3.2. Study Area and Data
The data source for this study is the open-source AIS data from the Danish Maritime Administration’s relevant website. The research area is a rectangular region within 52.7059.22° north latitude and 0.1618.58° east longitude. This maritime region is at the intersection of the Baltic Sea and the North Sea, serving as a major European maritime traffic hub with abundant ship trajectory data resources, including AIS data and satellite remote sensing data. These data encompass numerous ship trajectories, providing ample support for constructing trajectory prediction models and facilitating in-depth analysis of ship trajectory prediction.

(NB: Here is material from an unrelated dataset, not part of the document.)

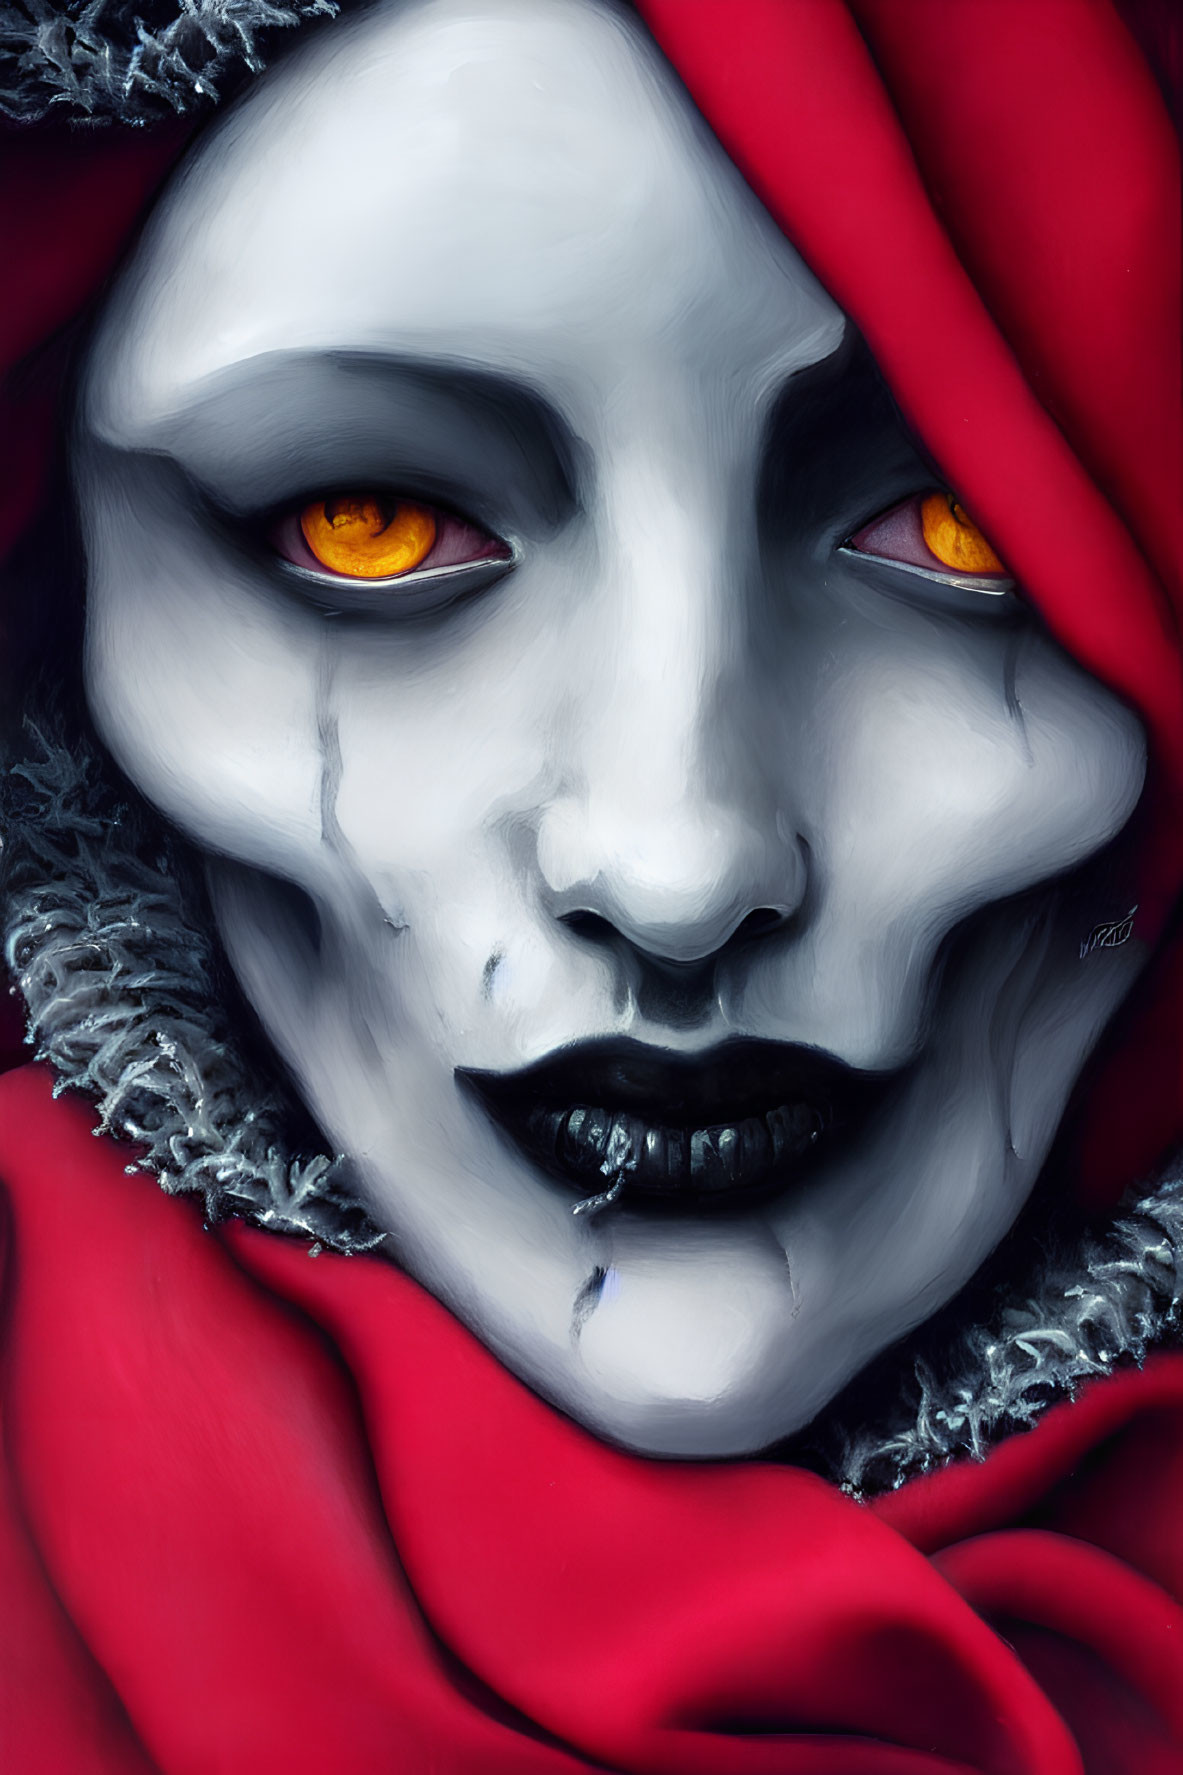 Person with dramatic skull-like makeup, orange eyes, and red hood.

For this study, over 33 million data points from 1 March 2023 to 3 March 2023 were selected as the dataset. Each AIS data entry contains 27 pieces of information, with commonly used fields categorized into three types, as shown in
Table 2. These include Maritime Mobile Service Identity (MMSI), ship name, latitude and longitude, and turning angle rate. Different message types serve different purposes. For instance, papers often use the ship’s unique identifier, MMSI, to classify existing data and reorganize the AIS data, which were originally sorted by time series, to obtain the trajectories of individual ships over a specific period.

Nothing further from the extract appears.